Govea-Jimenez apologized to the court for dealing heroin, but in his allocution, he downplayed his involvement, which caused the judge to state, “I cannot trust what you say.”

Before Gove-Jimenez’ sentencing, the prosecutor explained the power Jimenez held in the heroin ring.

“This is the ringleader of an organization that is so fear-inspiring, that people who come here from Mexico refuse to testify against him because they know as soon as they are done their family will be murdered in Mexico,” said Assistant Franklin County Prosecutor Dan Stanley.

NBC4 is not identifying a witness who was arrested along with Jimenez last November and testified about heroin buys.

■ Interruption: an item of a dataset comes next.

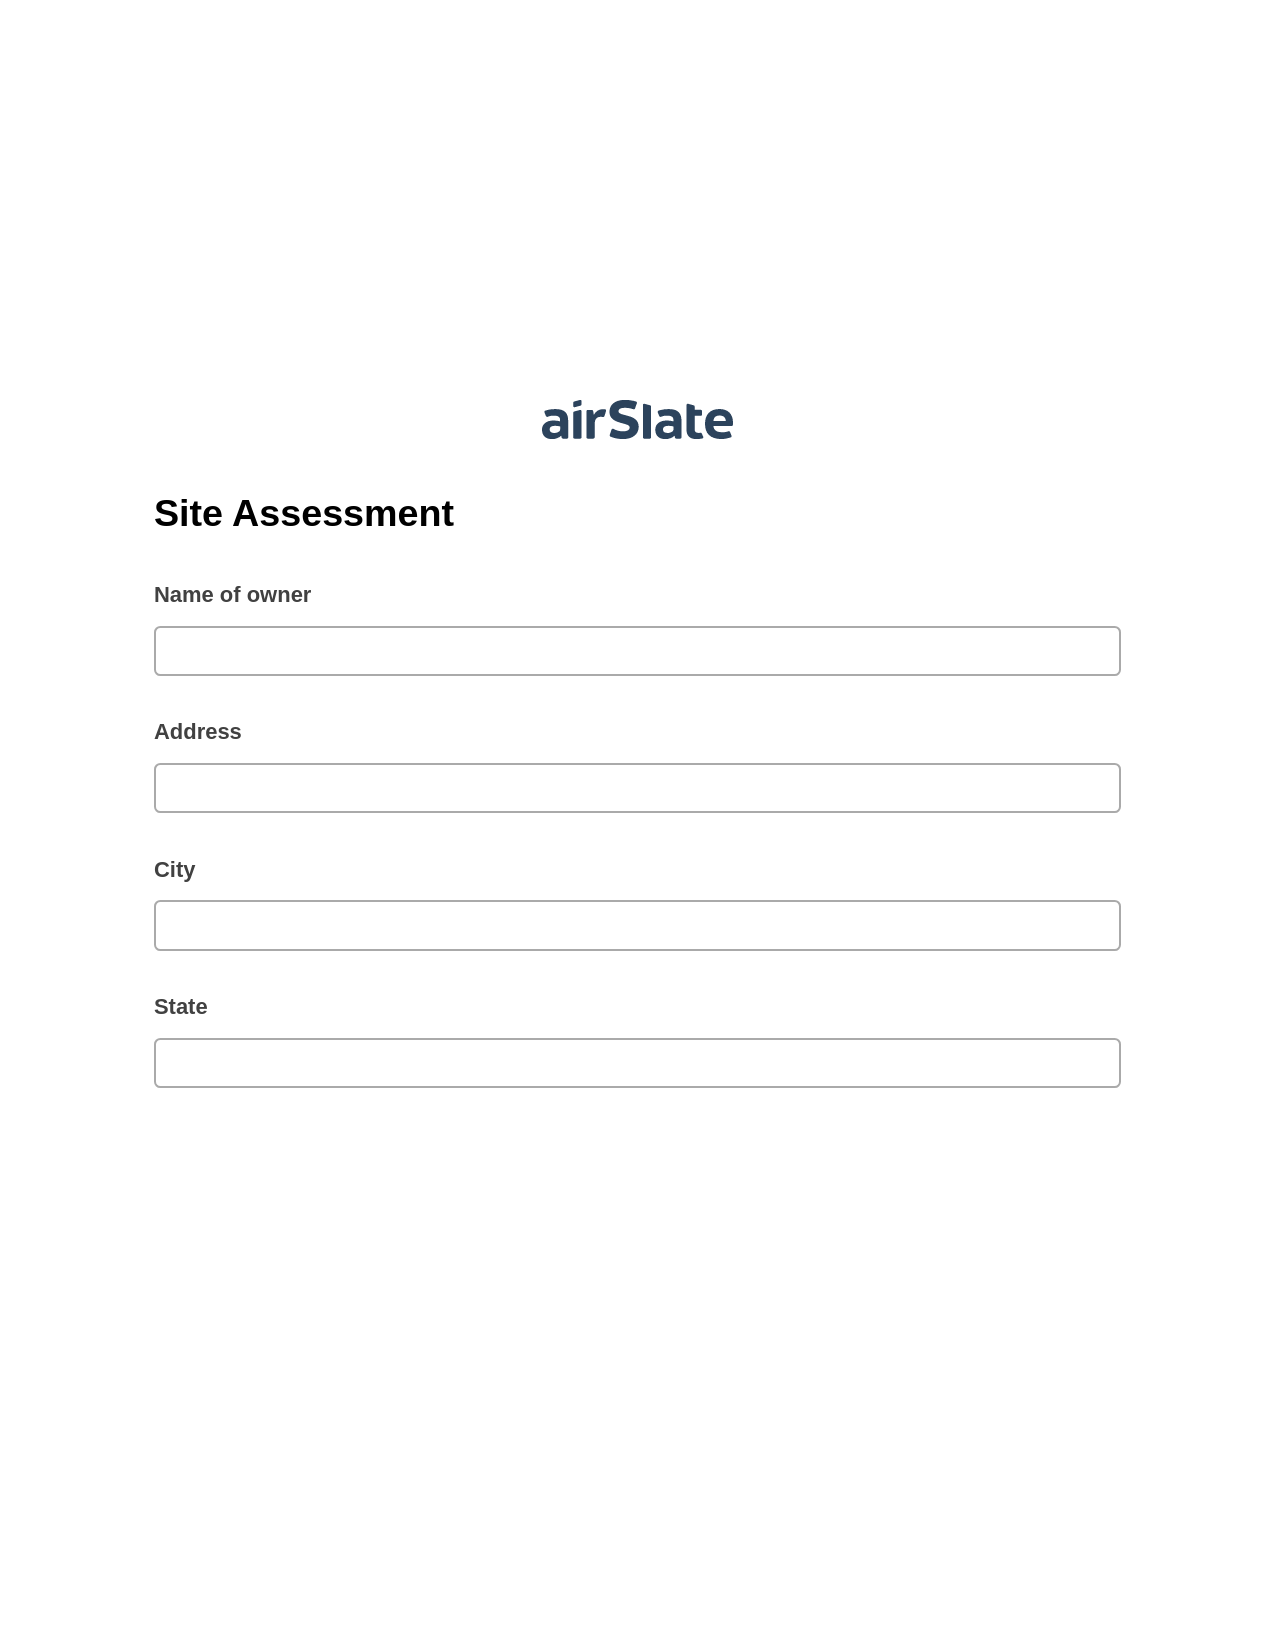 Site Assessment Pre-fill from Salesforce Record Bot, In-person Signing Bot, Export to MySQL Bot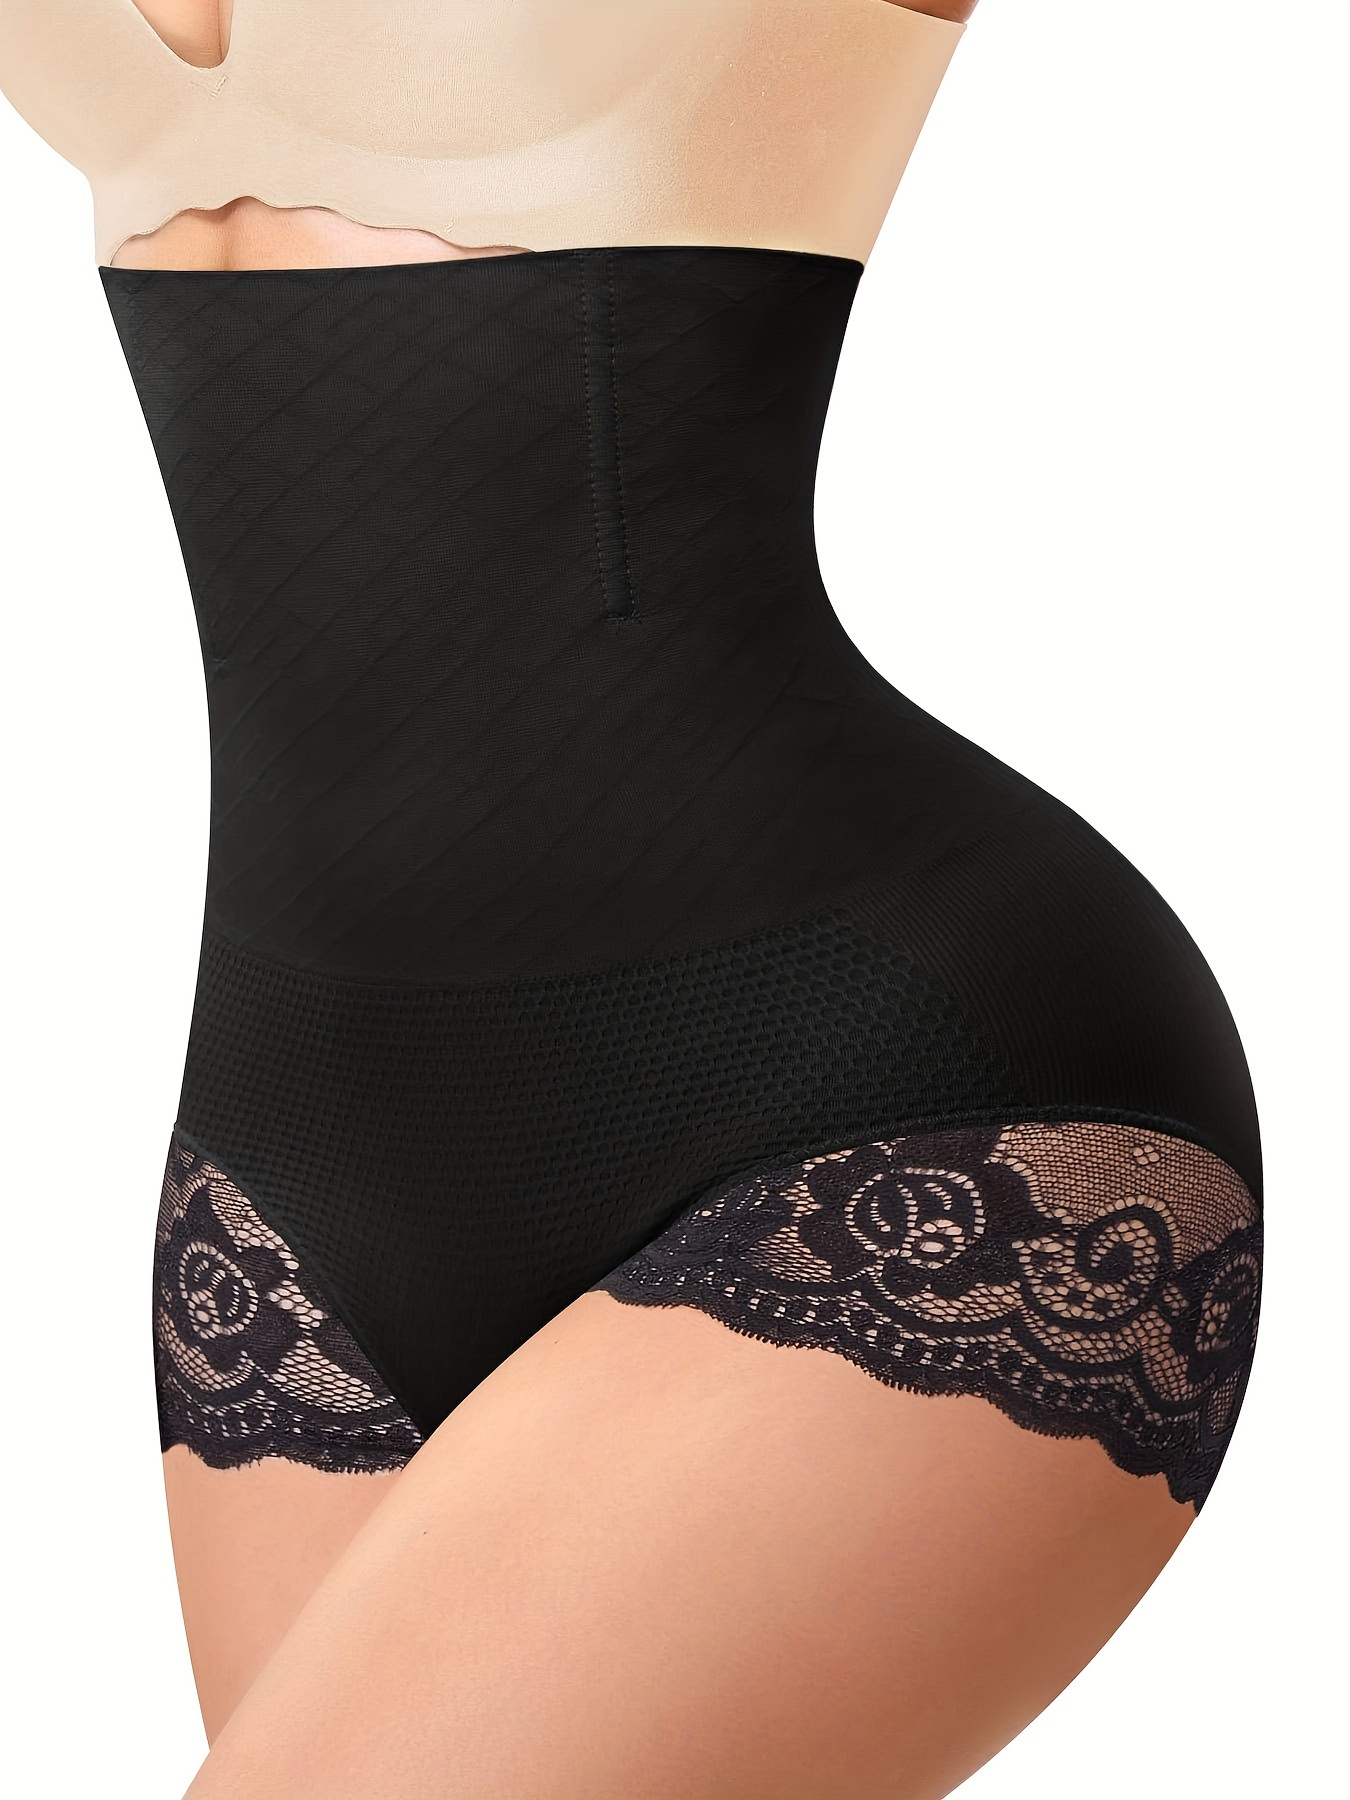 Large size lace tummy control panties, high-waisted, slimming, covering the  flesh, lifting buttocks, body-shaping pants for women to control the tummy  in all seasons without curling

“Why were you introduced to him?” Stanley asked. “For the drugs! Can you be more specific? He was bringing me the drugs to my house. What kind of drugs? Heroin! A kilo and the last time two kilos.”

Stanley said the witness agreed to six years in prison for her part in the heroin smuggling ring. That was eventually pleaded down to four years and 11 months for her testimony.

Stanley says Jimenez was responsible for 7,200 kilos of heroin a month being imported into the US. A kilo is 2.2 pounds.

“How much would you have to pay him for it? Stanley asked the witness. $9,000! And how much did you make on it? $14,500,” she said.

Speaking through an interpreter, Govea-Jimenez’ plea didn’t sit well with the judge.

“This has been overblown,” Cindy Badano repeated in English for the judge. “I have accused of many things, and I apologize,” Govea-Jimenez said.

The judge questioned him before sentencing him, admonishing him about not taking responsibility.

“So I am surprised to hear you say your participation was overblown because I was very intentional about explaining to you the statutory requirements for a conviction,” said  Franklin County Court of Common Pleas Judge Kimberly Cocroft.

After serving 21 years behind bars Govea-Jimenez will be subjected to a deportation order.